Data for analysis
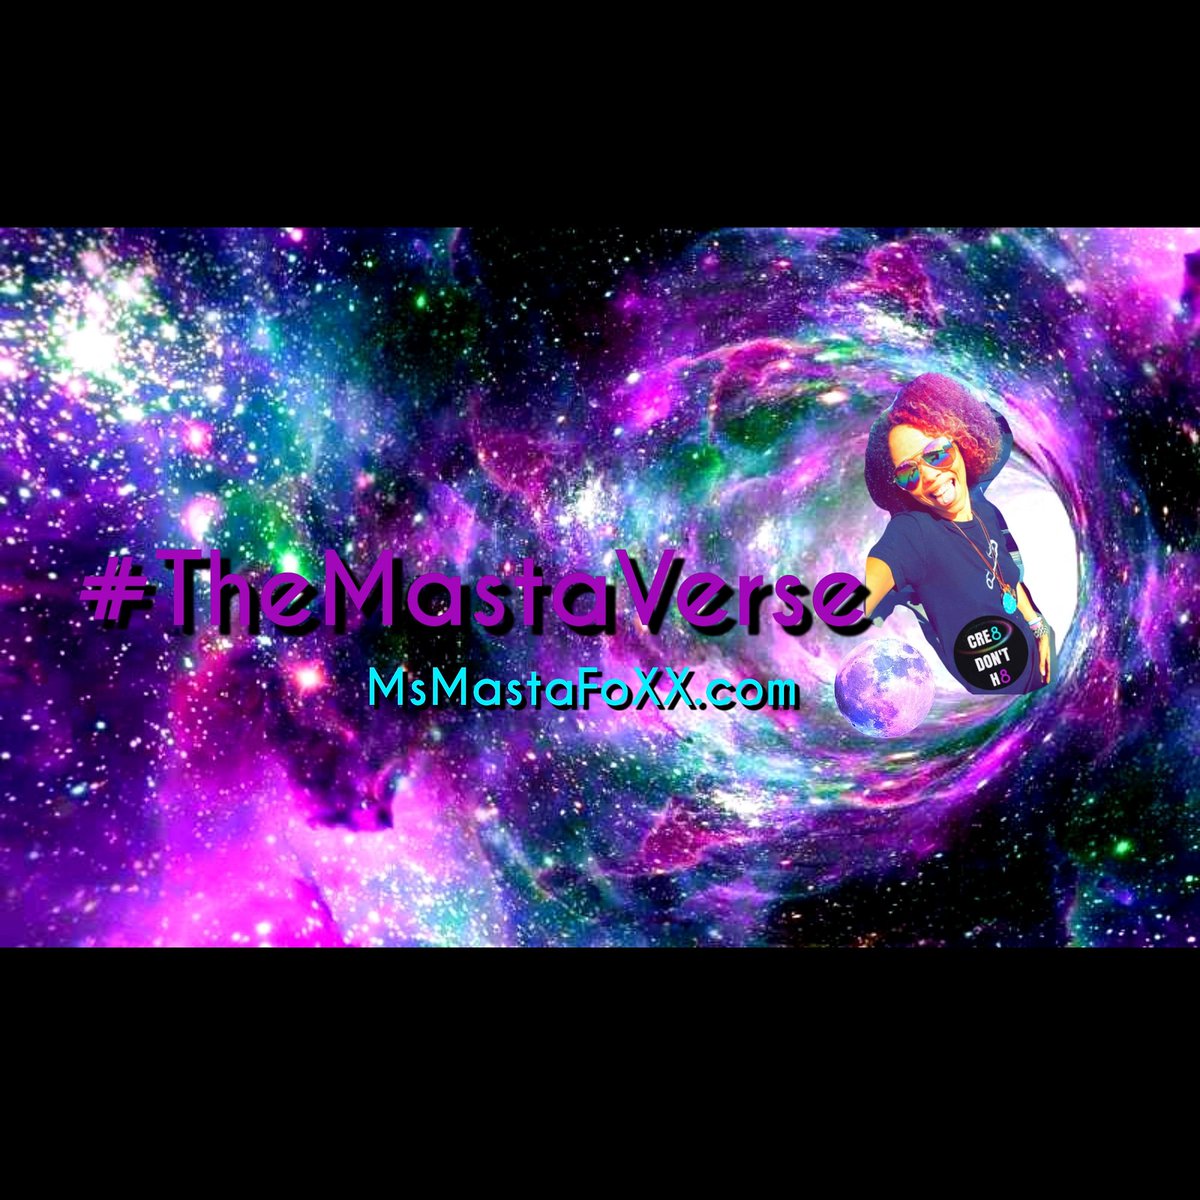 Welcome To My New Page @TheMastaVerse #TheMastaVerse 🌌🦊☯️💜🕉👑👽🖖
Everything @MsMastaFoXX @MsCosmicQueen @TeamMsMastaFoXX
Creator|Broadcaster|Influencer|Artist|Producer|Energy Reader|Chakra Balancer & More!
MsMastaFoXX.com
#MastaVerse #MsMastaFoxx #TeamMsMastaFoXX

Prompt
Without copying any picture, repeat all of the entries exactly.

Answer for this exercise
 Welcome To My New Page @TheMastaVerse #TheMastaVerse 🌌🦊☯️💜🕉👑👽🖖
Everything @MsMastaFoXX @MsCosmicQueen @TeamMsMastaFoXX
Creator|Broadcaster|Influencer|Artist|Producer|Energy Reader|Chakra Balancer & More!
MsMastaFoXX.com
#MastaVerse #MsMastaFoxx #TeamMsMastaFoXX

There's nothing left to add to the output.